» **EXCERPTED RECORDS**
# # # #

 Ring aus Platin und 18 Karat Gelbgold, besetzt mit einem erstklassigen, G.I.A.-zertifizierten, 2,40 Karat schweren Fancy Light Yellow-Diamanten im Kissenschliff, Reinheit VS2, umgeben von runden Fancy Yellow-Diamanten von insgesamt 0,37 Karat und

# # # #

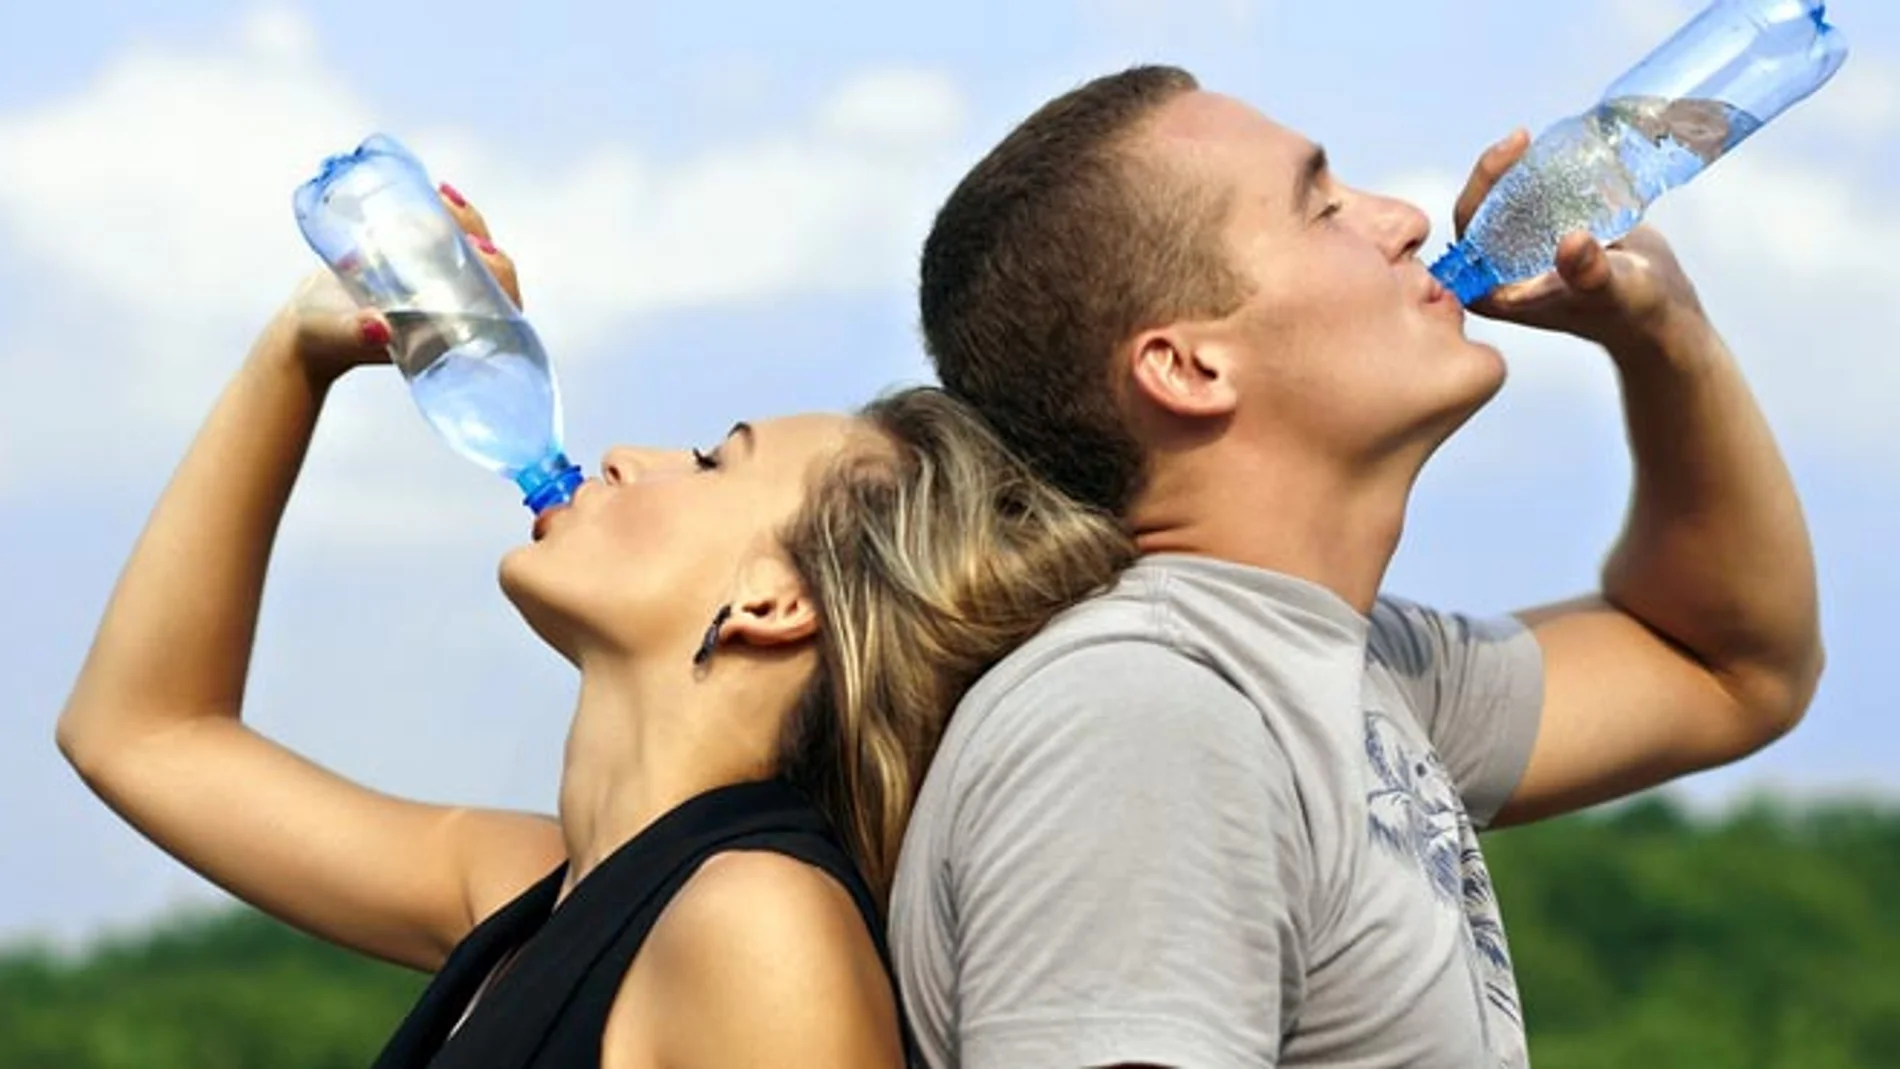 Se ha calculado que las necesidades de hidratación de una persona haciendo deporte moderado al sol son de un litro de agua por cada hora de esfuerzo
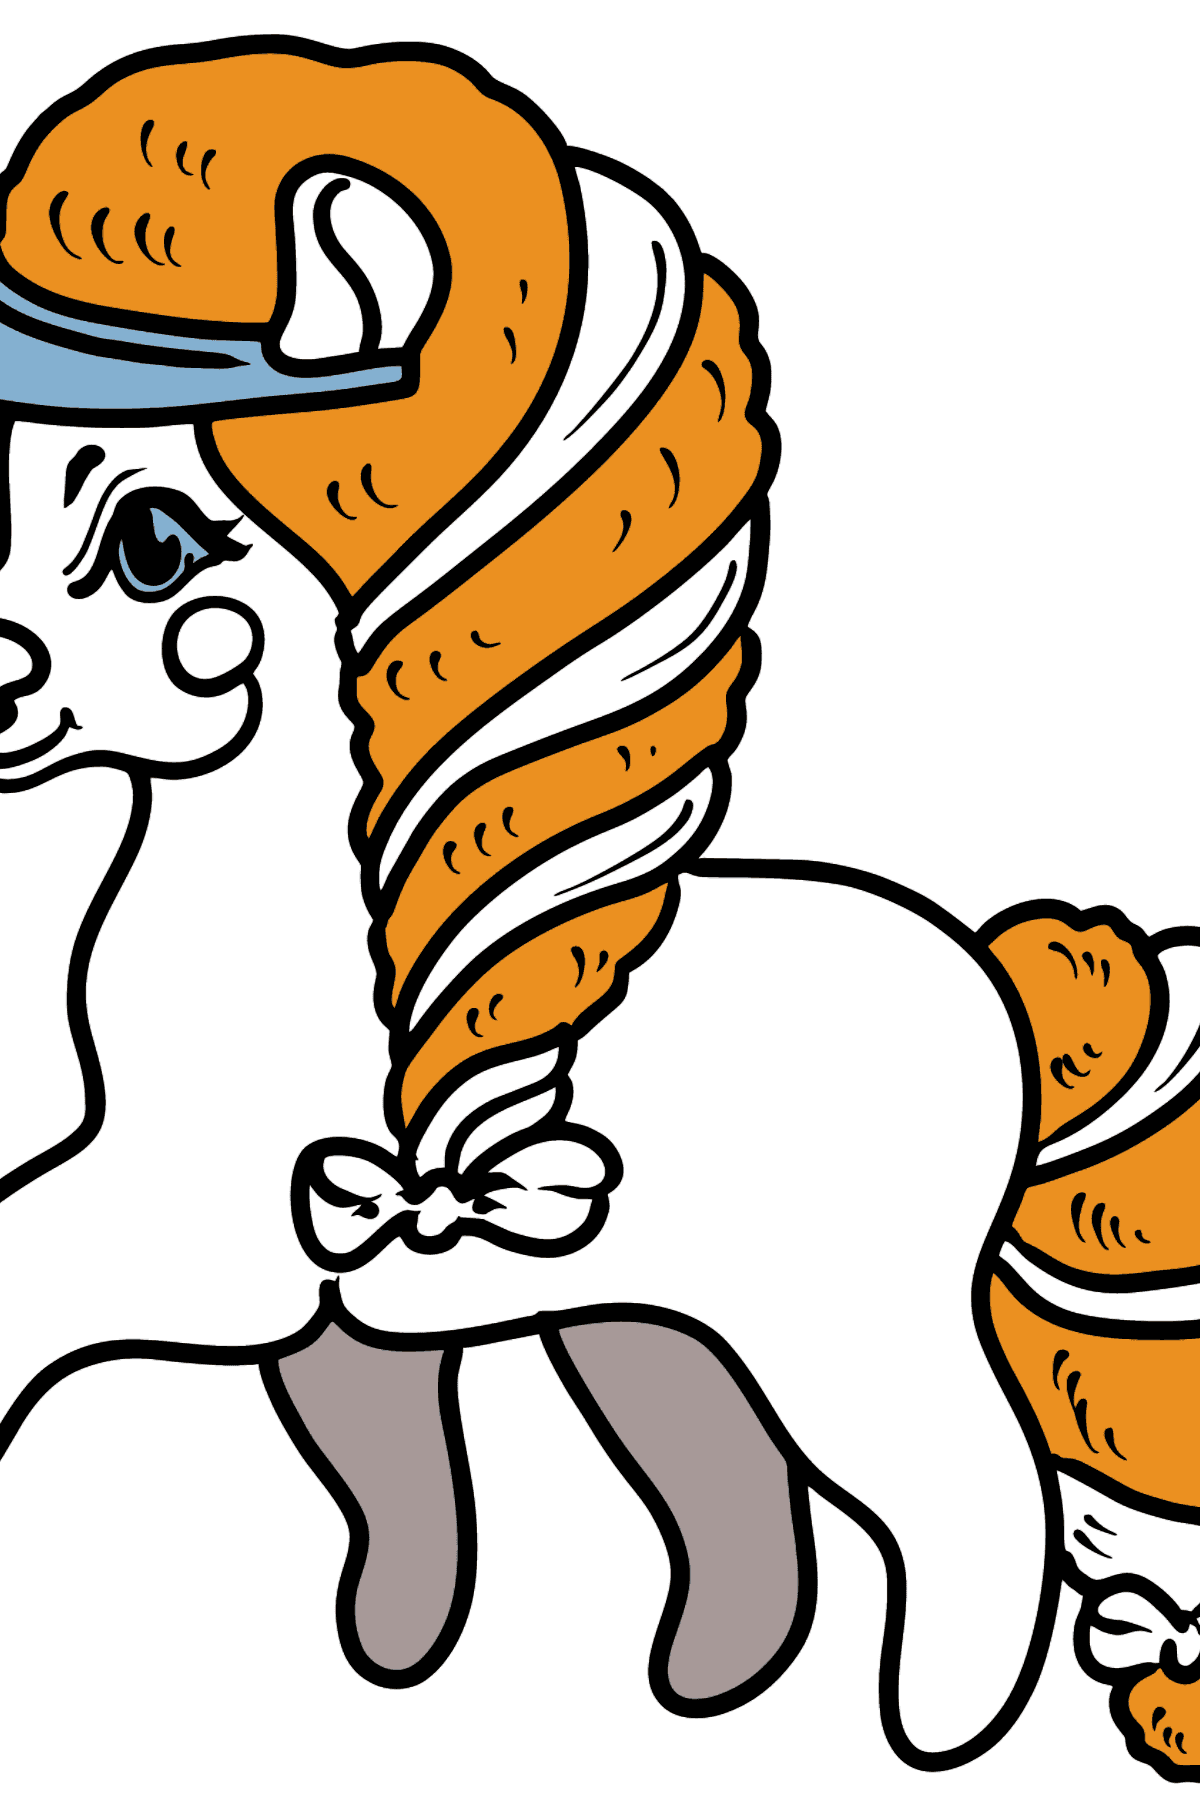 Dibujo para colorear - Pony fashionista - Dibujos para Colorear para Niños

# # # #

» **WORK INSTRUCTIONS**
Using the data above, set down each line from the line with "Se ha calculado" to the line with "Dibujo para colorear" exactly, both ends included, and leave the pictures behind. Nothing else belongs.

» **TASK ANSWER**
 Se ha calculado que las necesidades de hidratación de una persona haciendo deporte moderado al sol son de un litro de agua por cada hora de esfuerzo
 Dibujo para colorear - Pony fashionista - Dibujos para Colorear para Niños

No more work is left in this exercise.